相對於關中豪強們,隴右豪強受到的管束更少,相對的也就更加獨立。州郡長官雖受朝廷任命,可若是真犯了眾怒的話,分分鐘也會遭到這些州郡強宗的反抗加害。

北魏正光年間,六鎮起義剛剛爆發之際,秦州刺史李彥用政苛勐以至於群下生怨,於是便爆發叛亂,直將刺史李彥殺害在州府之中。這個李彥同樣出身隴西李氏,而且同李泰的血緣關係很近,是他爺爺李虔的親生兄弟。

雖然這件事是發生在六鎮起義、群情騷然的特殊時代背景下,但秦隴百姓之作風彪悍也可見一斑。

李泰所擔任的官職不少,算得上是獨孤信之下的秦州第二人,但這些隴右豪強們對他這身份也談不上有多敬畏。肯於以禮相待,估計更多的還是看他隴西李氏這一出身的緣故。

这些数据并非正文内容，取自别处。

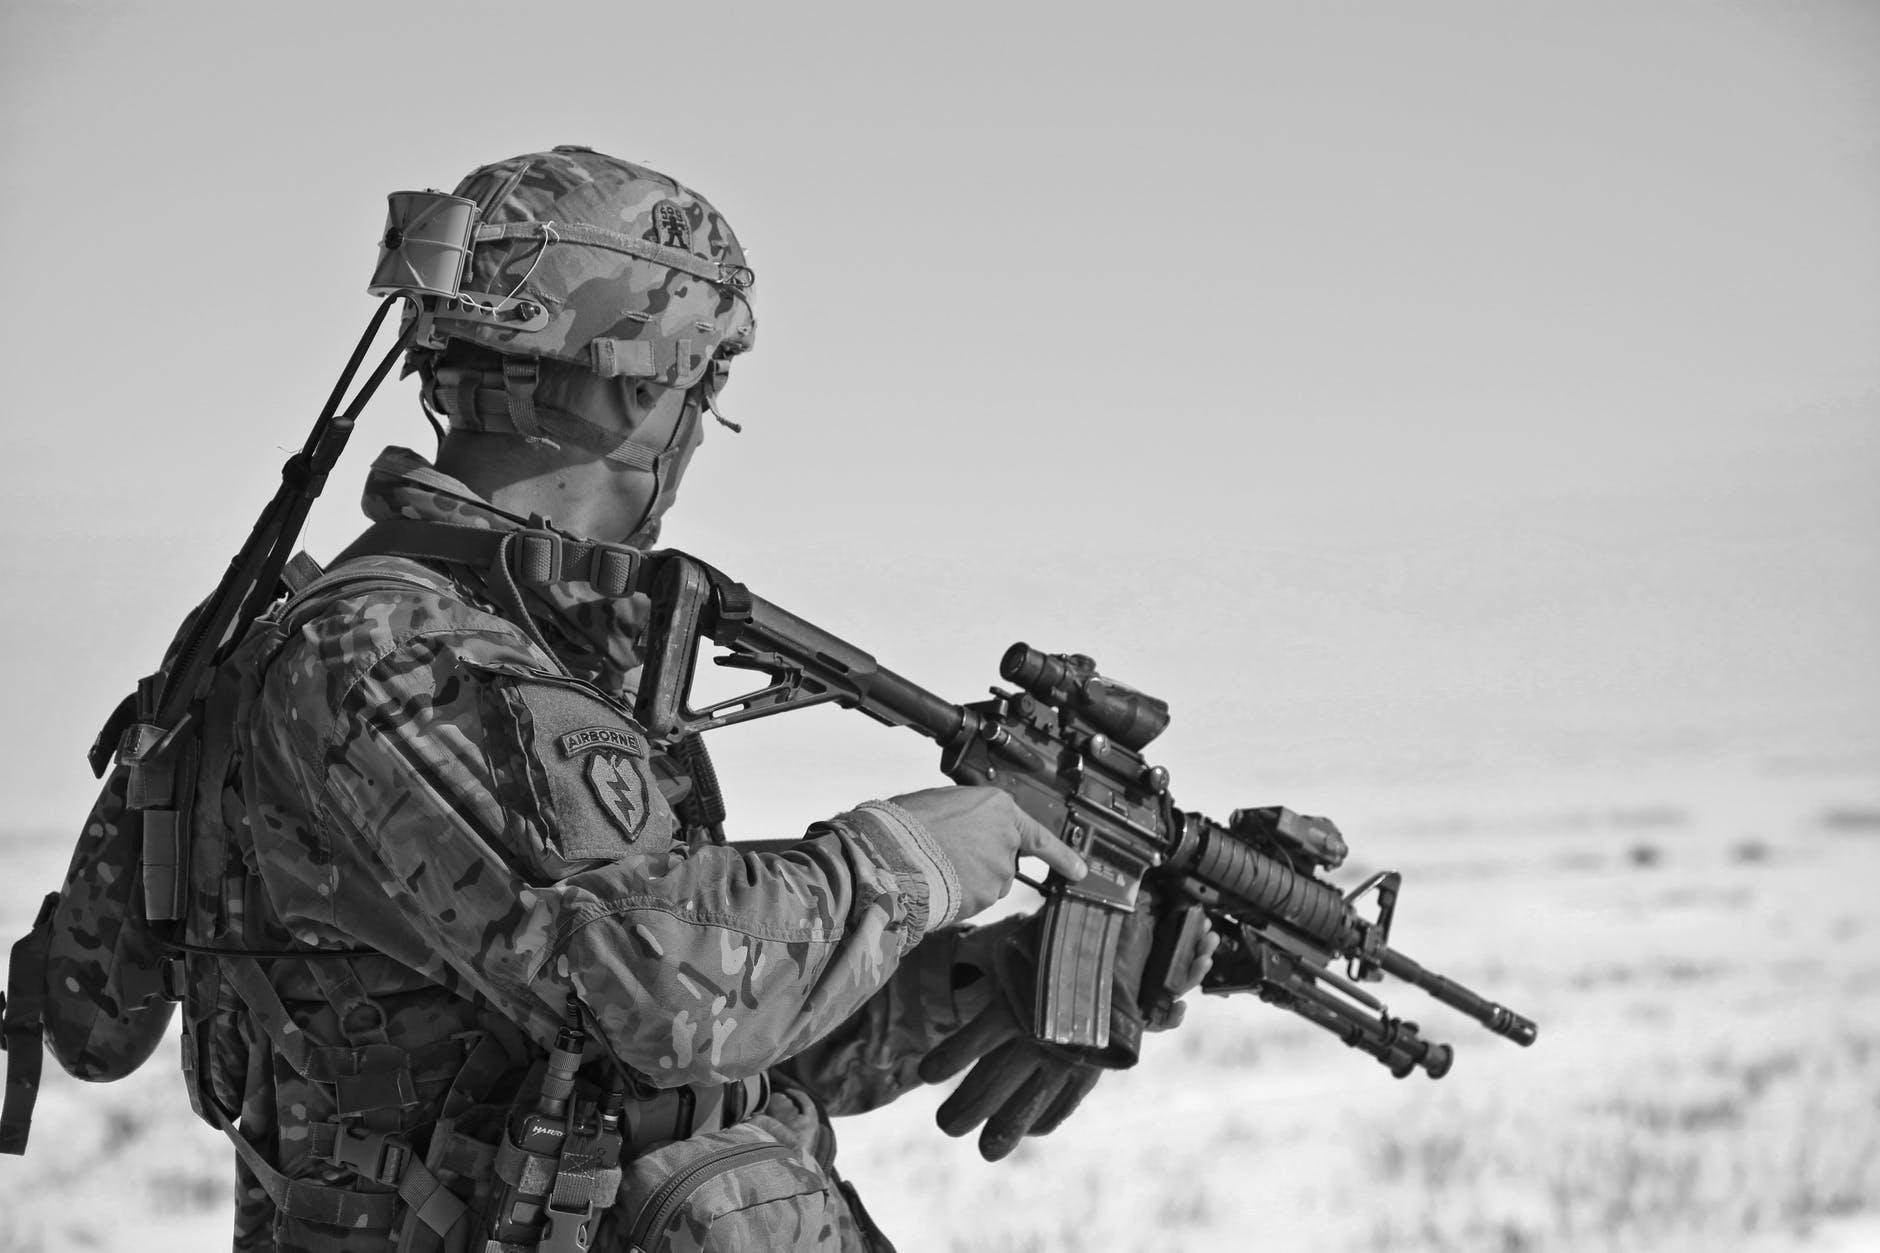 soldier-uniform-army-weapon-41161.jpeg

但也因為他這一出身,許多到場鄉士們瞭解到後,心中便下意識覺得他是要藉助手中的權柄來打壓天水權氏了。

故而也並非所有人都能對他和顏悅色,有幾名同權氏關係比較親近的豪強渠帥直接就說道此邊鄉情自有特殊之處,希望李泰能慎重處斷事情,言語間有著很濃的告戒與威脅意味。

而且這些人也不肯聽從州吏們的指引安排、老老實實呆在營地中,而是隨意的各處遊走,同相識者打著招呼,偶爾還勾肩搭背的湊在一處竊竊私語。

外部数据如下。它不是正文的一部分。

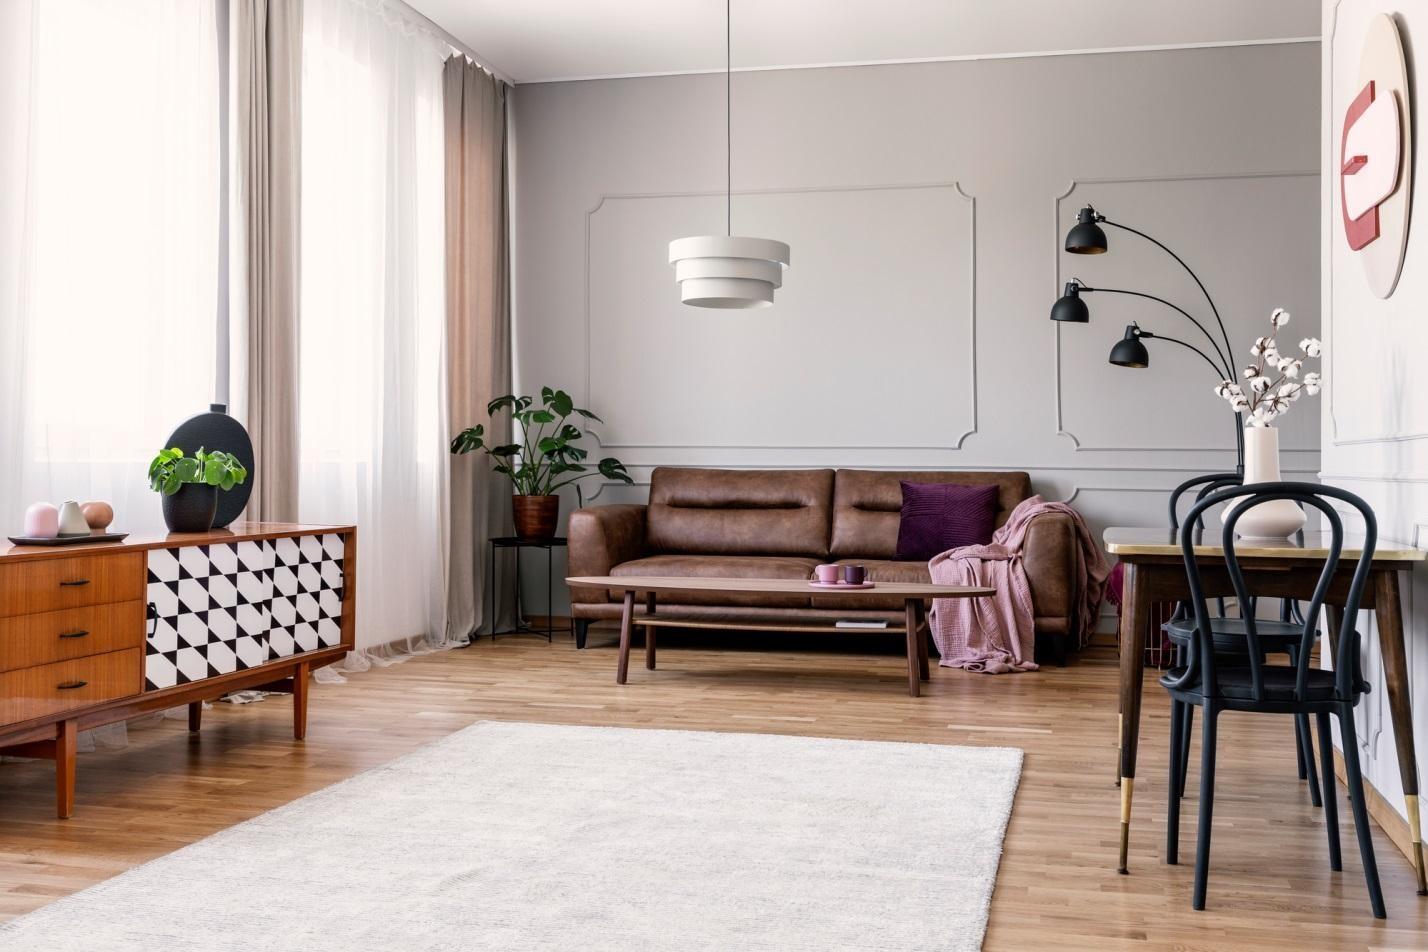 MCM Living Room Design Ideas

很顯然,在這些人心目中,李泰這一身份或是值得以禮相待,但也僅止於此,若說壓場震懾群眾則還遠遠不夠。

隨著時間的推移,到場豪強越來越多,又不乏人不顧勸阻的帶著自家部曲直入營地,場面漸漸變得混亂起來。李泰那幾百名部曲壯卒與皇甫穆調派過來的五百州兵,在這營地中看起來反倒成了不合群的弱勢群體,被到場的各家部曲擠在了營地中央一塊不大的空間中。

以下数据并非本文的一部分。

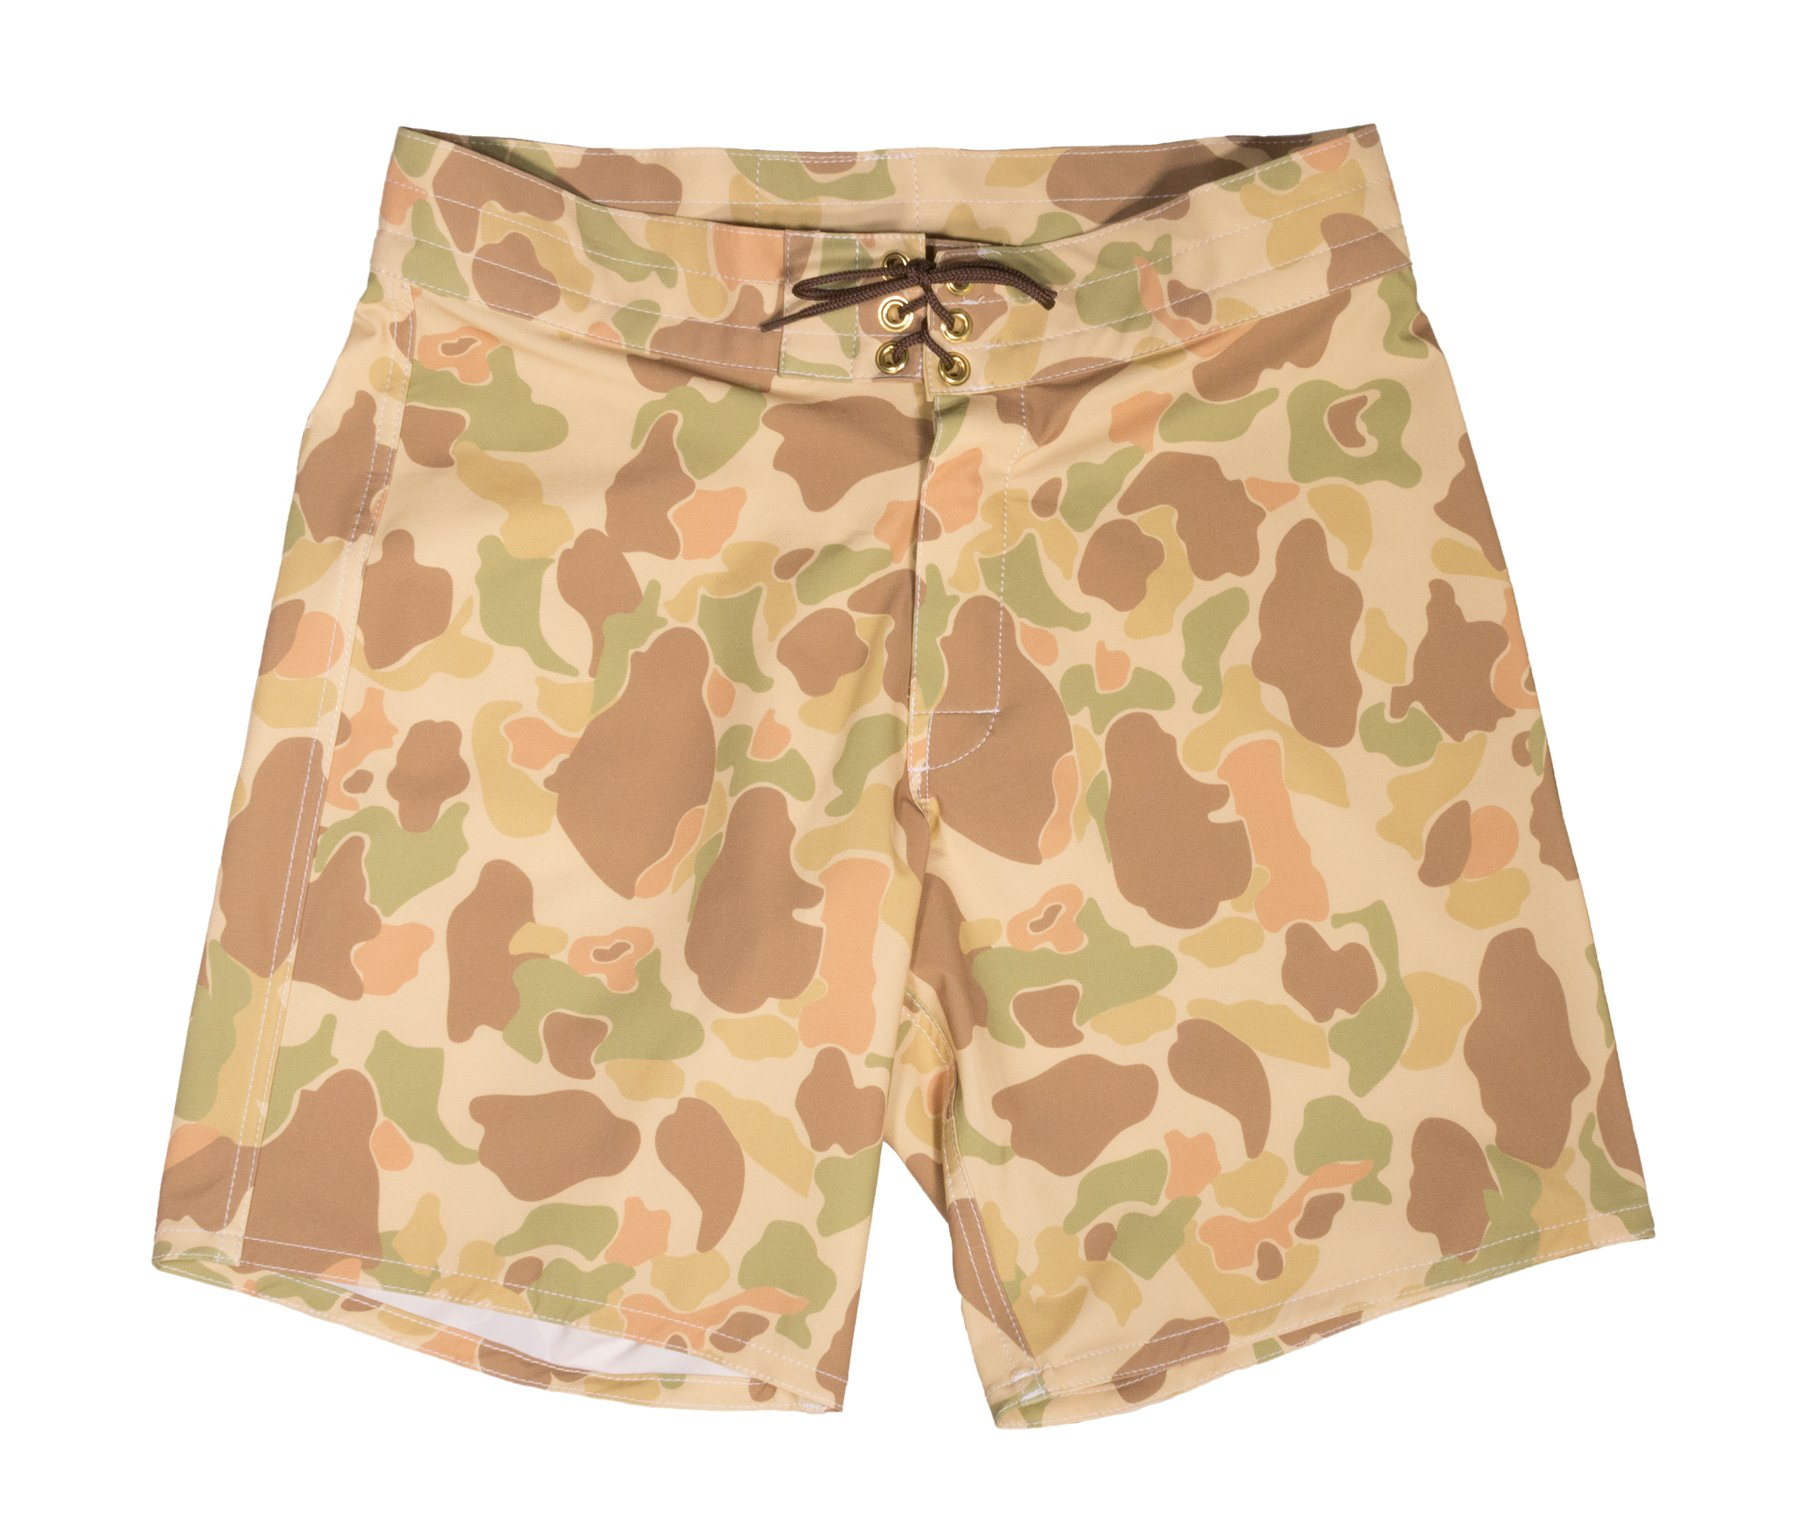 Birdwell Men's Stretch Board Shorts - Medium Length (32, Camouflage)

李泰自有臨事不慌的稟賦,眼見情況如此,心情反而變得鎮定起來。若這些秦州豪強們都如表面上所表現的這樣有恃無恐,又何必趕到這裡來湊熱鬧?各自心裡想必也在擔心他這一番舉動會給州內情勢帶來什麼改變。

所以他也懶得再湊上去看那些人表演,只著令部下們把守住營中這座稍後將要用作議事的大帳,甚至就連州吏來報原本拘押在營地中的兩家族人被入營的豪強私自放出,他也未作理會,只是安心等待那兩家正主到來。

“稟長史,河州華山公楊使君已在營外,著員詢問長史是否准許入營?”

一名州吏趨行入帳,向著李泰叉手稟告道。

“華山公?他來這裡做什麼?”

李泰聽到這話後,心中頓時一奇。華山郡公楊寬出身弘農楊氏,如今則擔任河州刺史,李泰雖知其名但卻不識其人,而且河州還遠在渭州以西,毗鄰著涼州,身為河州刺史的楊寬怎麼出現在此間而且還趕到這裡來湊熱鬧?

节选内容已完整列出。